◆ **Work order**: Drop the pictures, then extract the listing word for word.

◆ **Information supplied**:
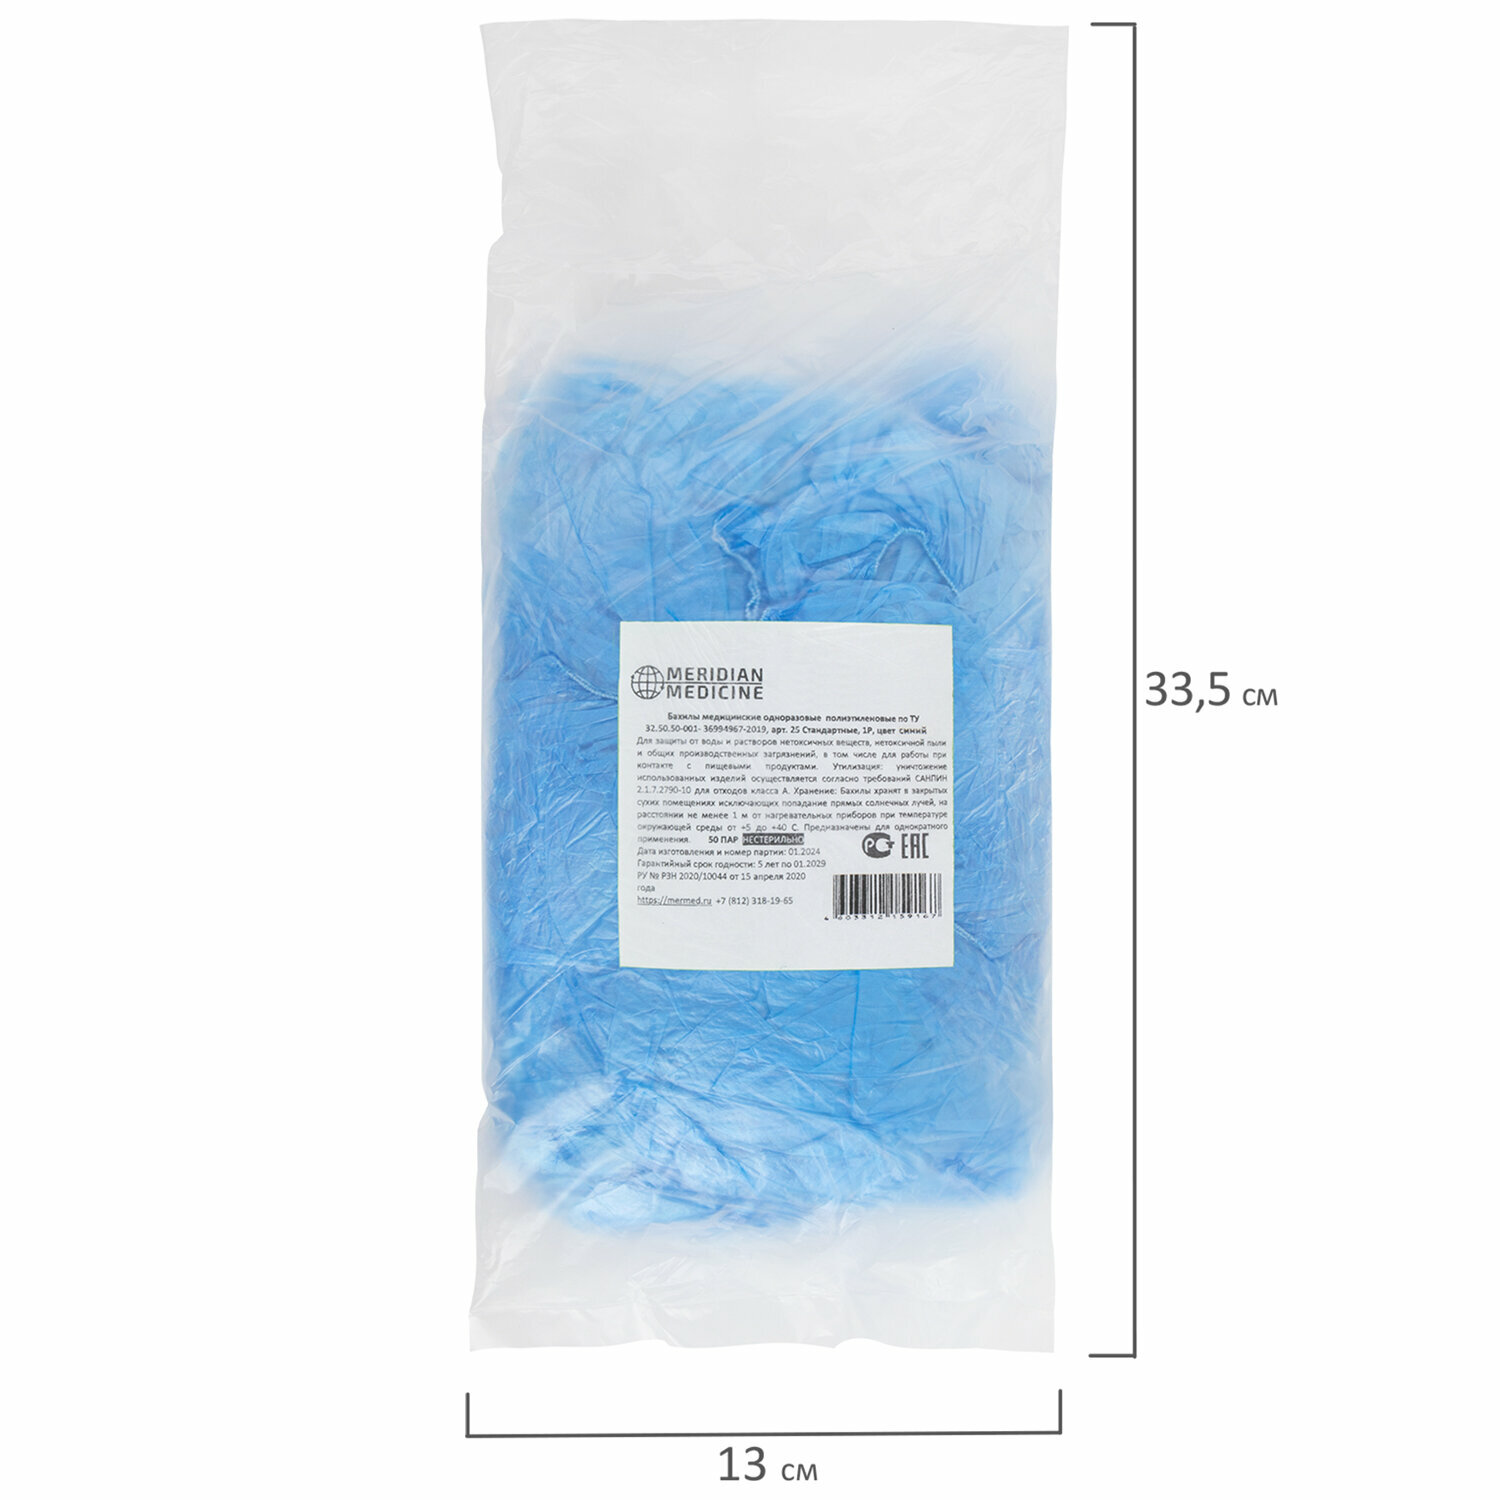 Бахилы MERIDIAN стандарт 2,3 грамма, синие, комплект 100 штук (50 пар), 40х15 см, ПНД упаковка 6 шт.
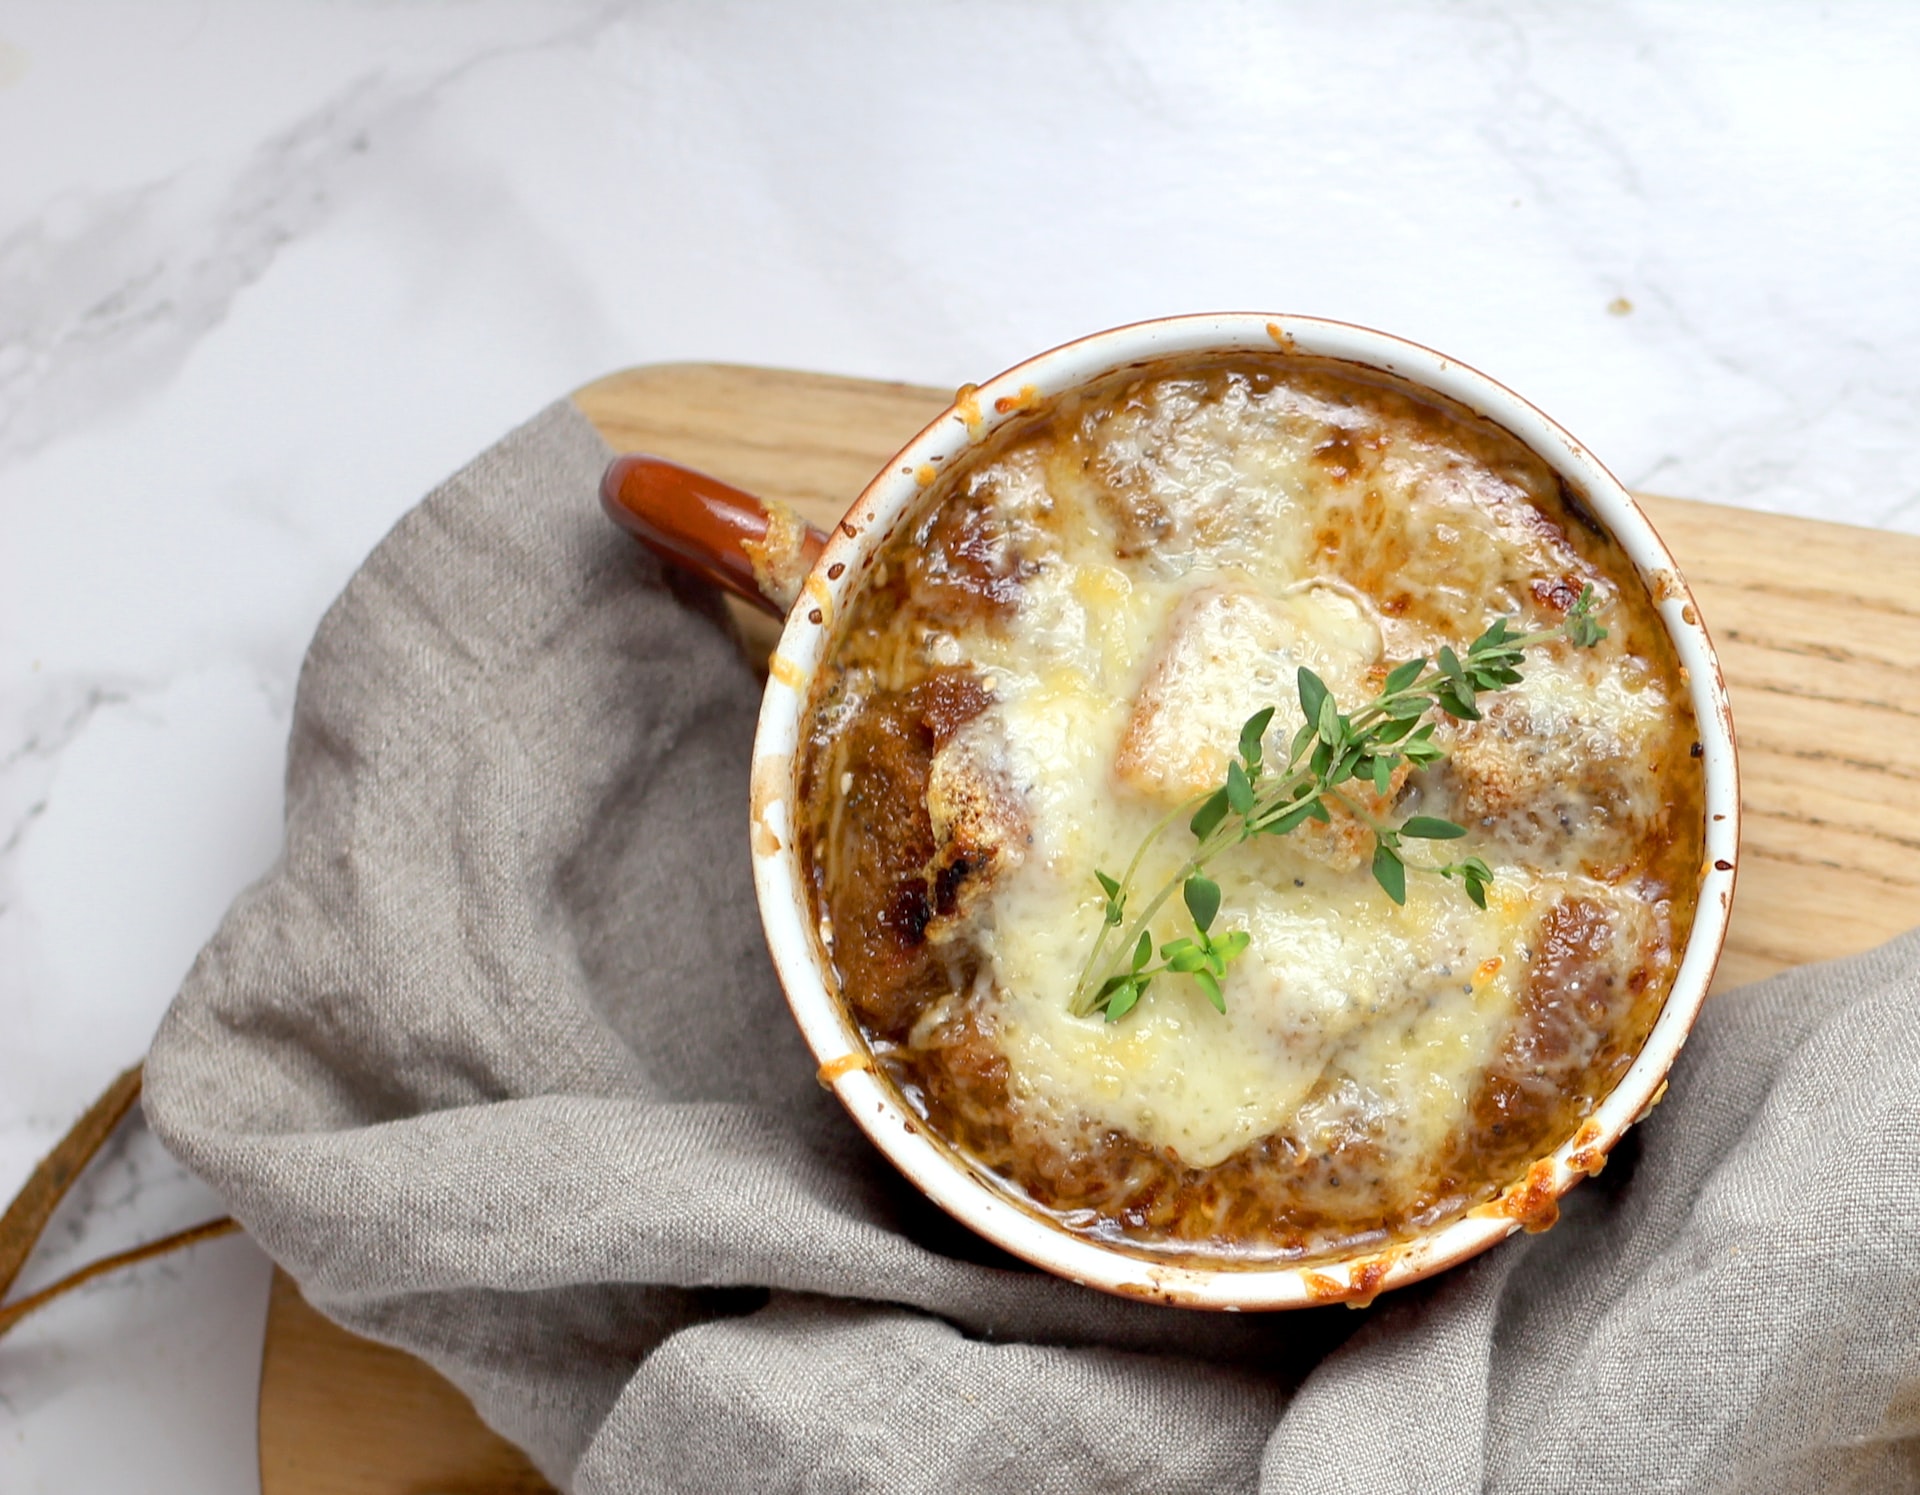 Vegan French Onion Stew Recipe
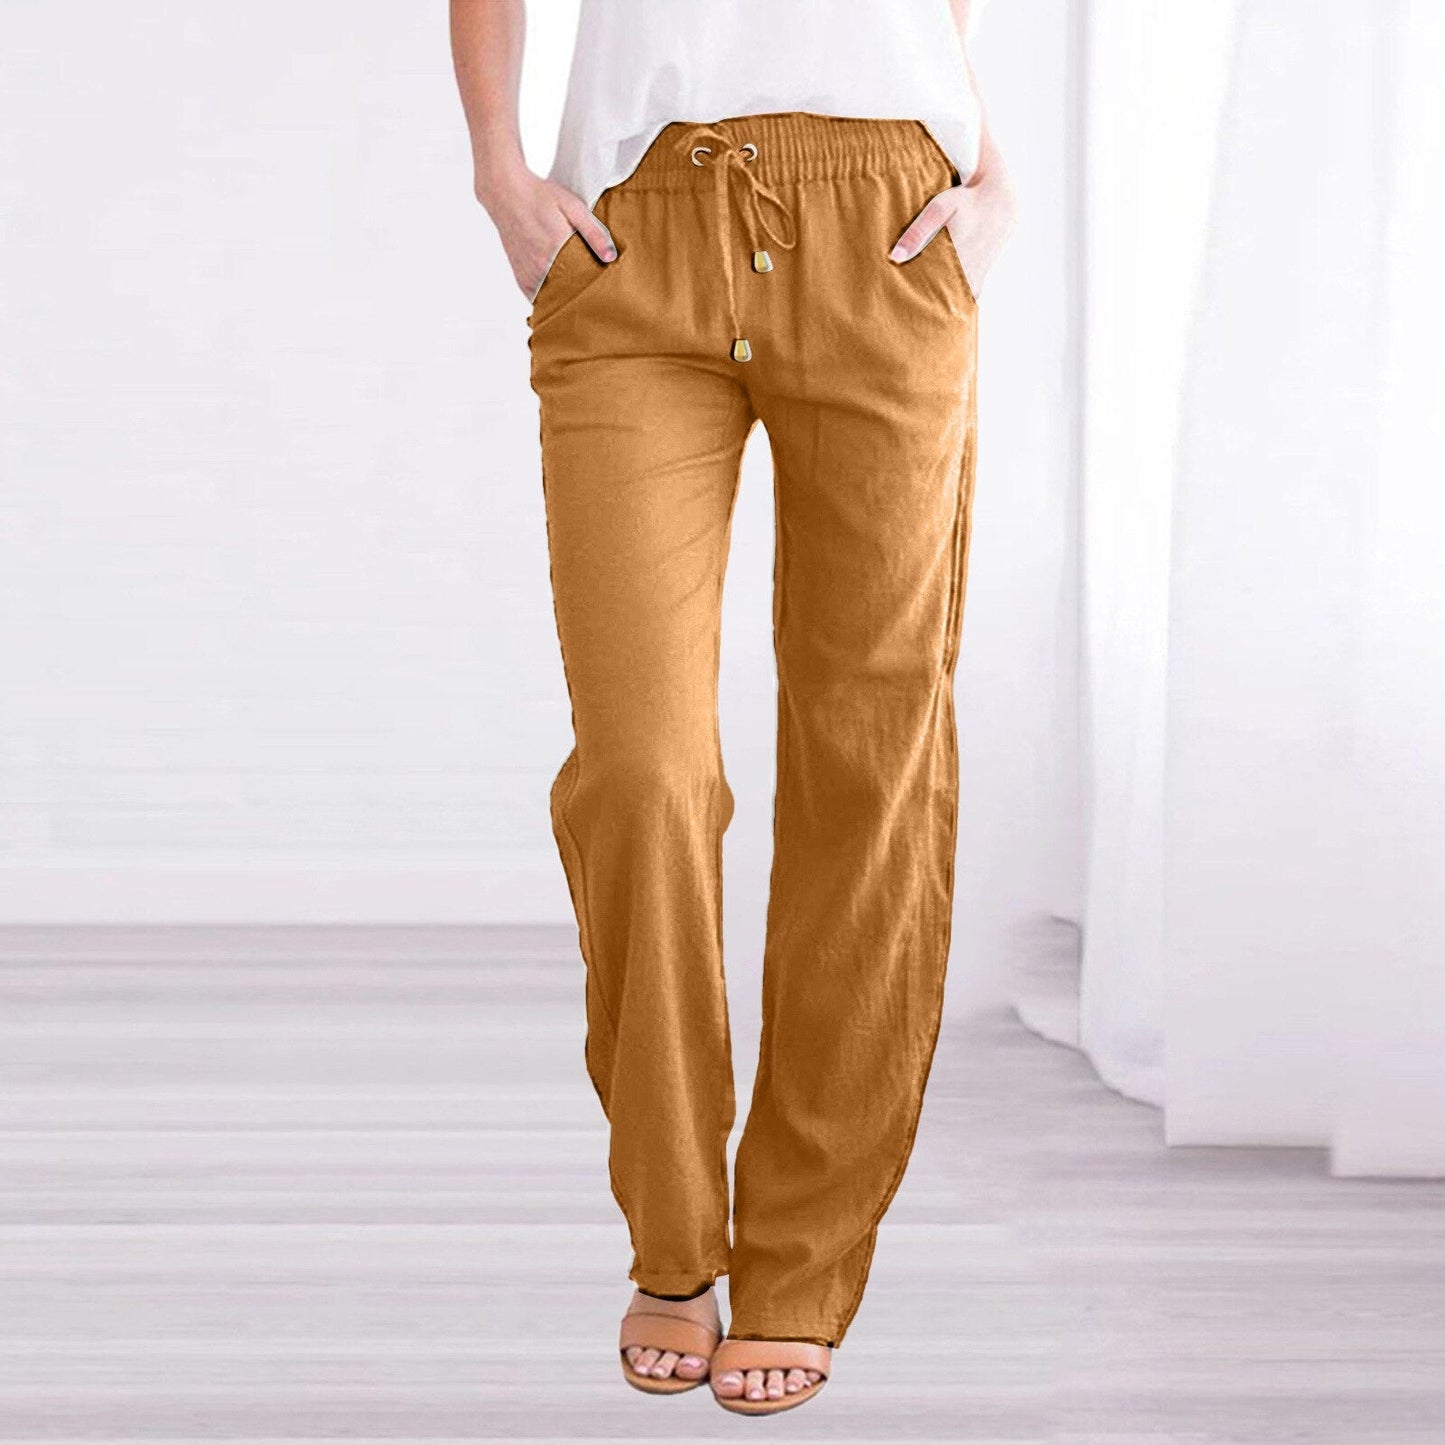 RTW Bottoms  Women trousers design, Womens pants design, Cotton pants women

◆ **Completed exercise**:
 Бахилы MERIDIAN стандарт 2,3 грамма, синие, комплект 100 штук (50 пар), 40х15 см, ПНД упаковка 6 шт.
 Vegan French Onion Stew Recipe
 RTW Bottoms  Women trousers design, Womens pants design, Cotton pants women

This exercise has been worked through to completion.